Repeat the data word for word. Do not include the pictures.

Segment Start: Provided data

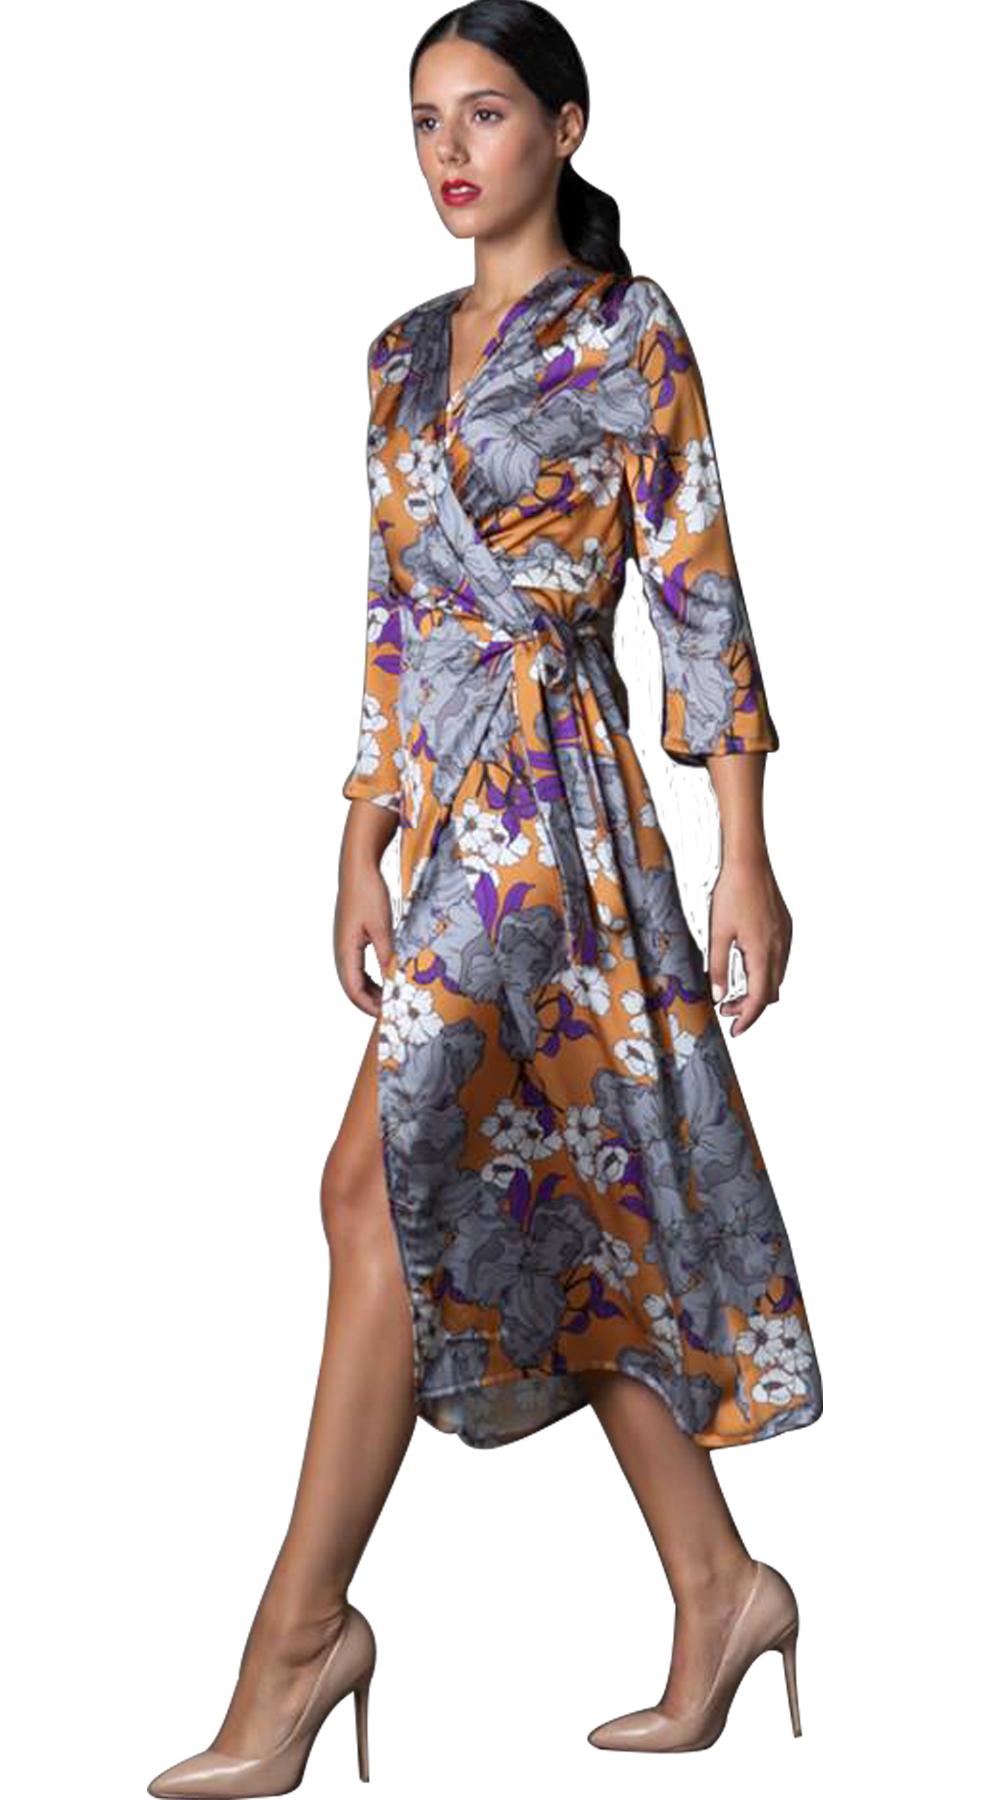 Κρουαζέ Μίντι Φλοράλ Φόρεμα  7a2819f2d90
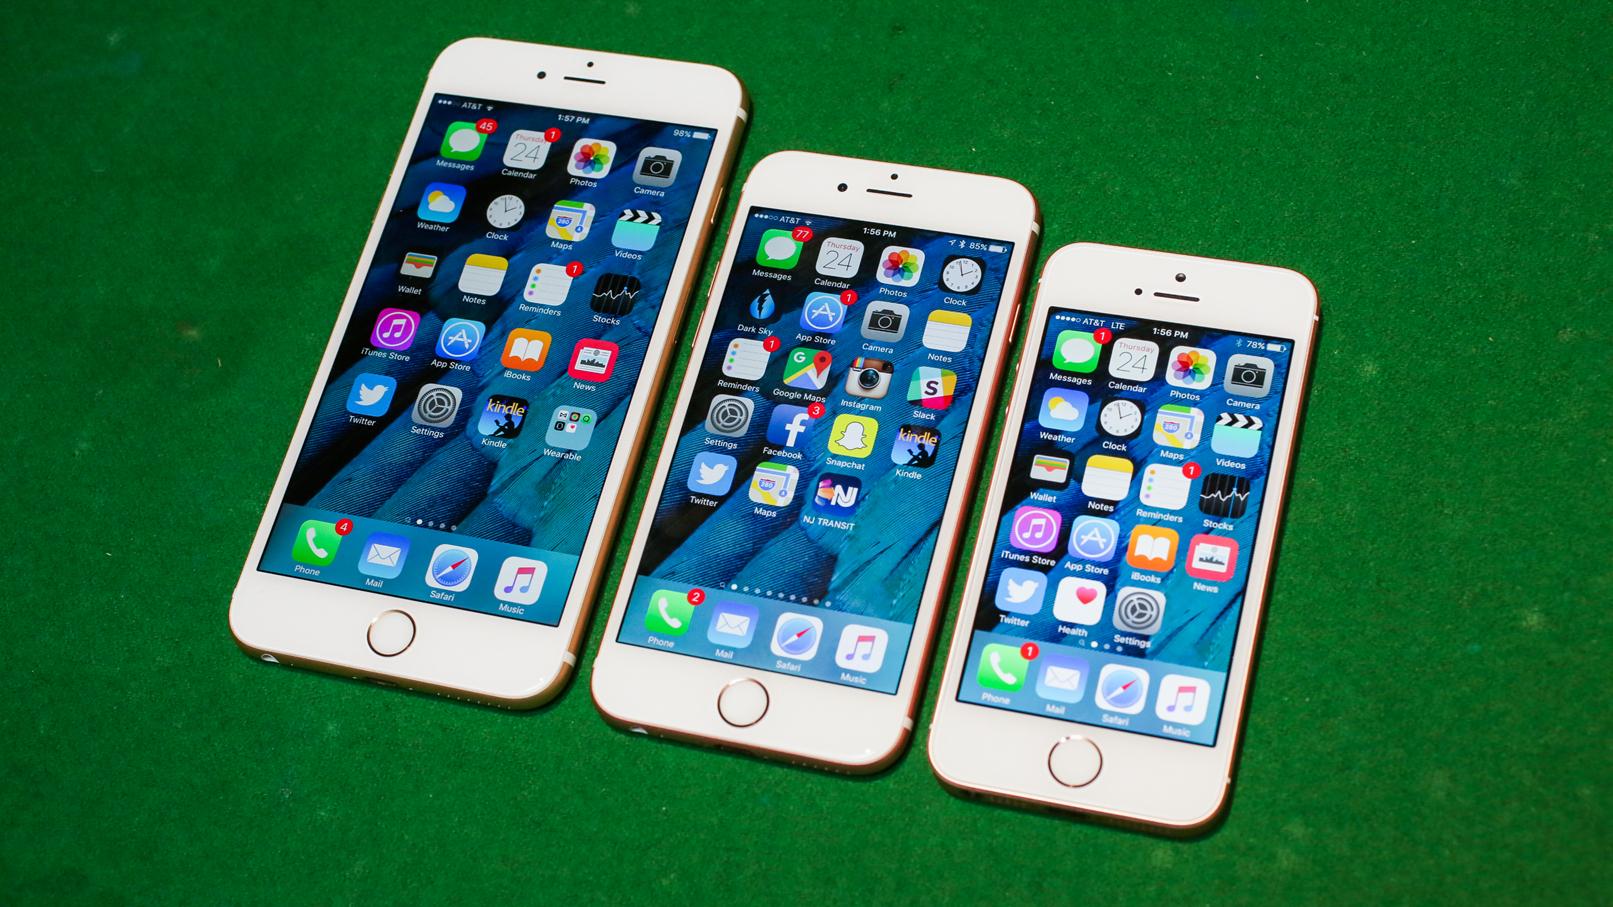 苹果目前在印度市场的份额不到2%,而在印度,大多数手机价格不到150
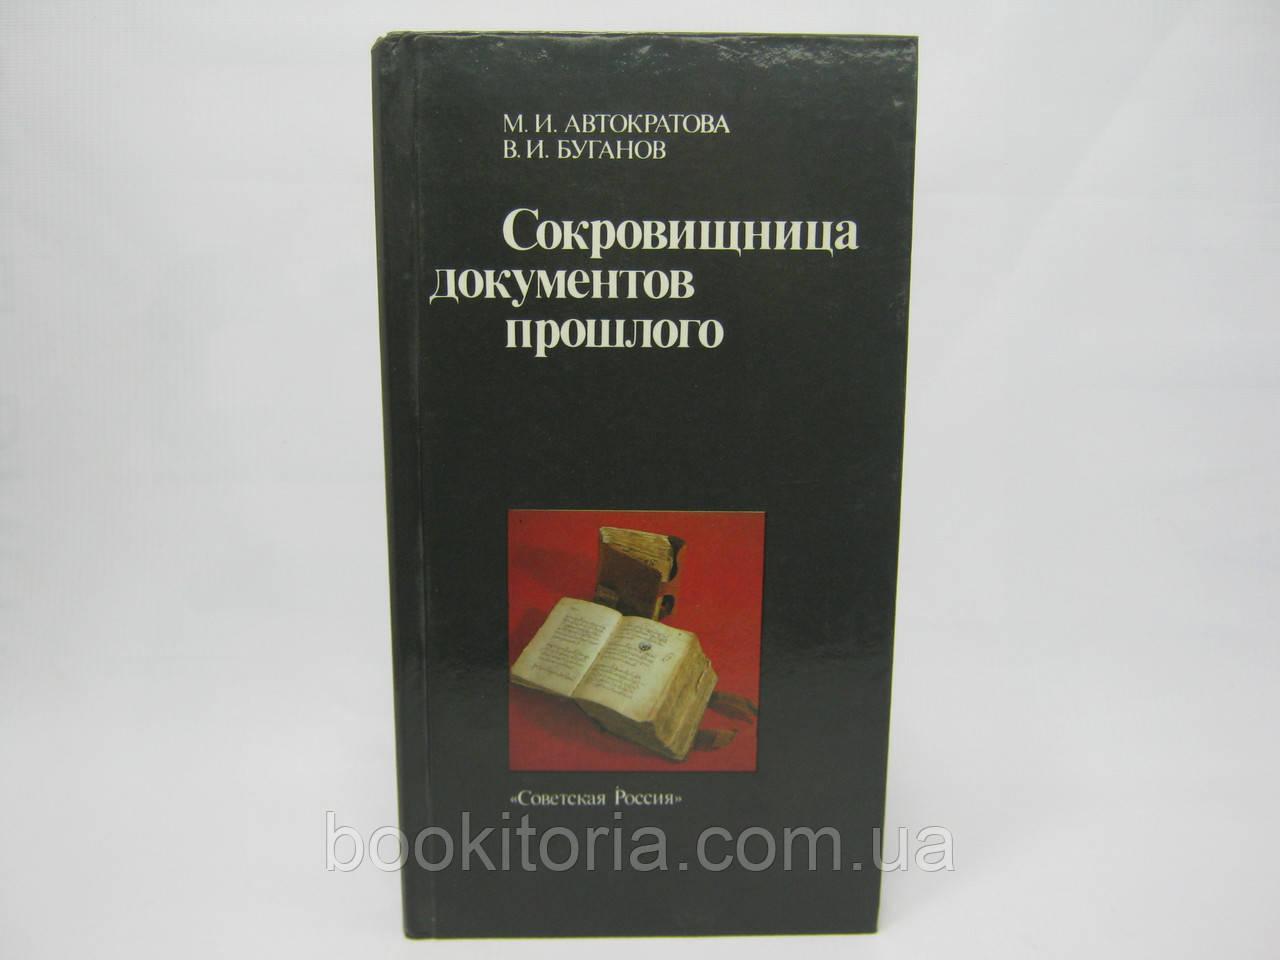 Автократова М.И., Буганов В.И. Сокровищница документов прошлого (б/у).

Segment End: Provided data

* [Task response]
 Κρουαζέ Μίντι Φλοράλ Φόρεμα  7a2819f2d90
 苹果目前在印度市场的份额不到2%,而在印度,大多数手机价格不到150
 Автократова М.И., Буганов В.И. Сокровищница документов прошлого (б/у).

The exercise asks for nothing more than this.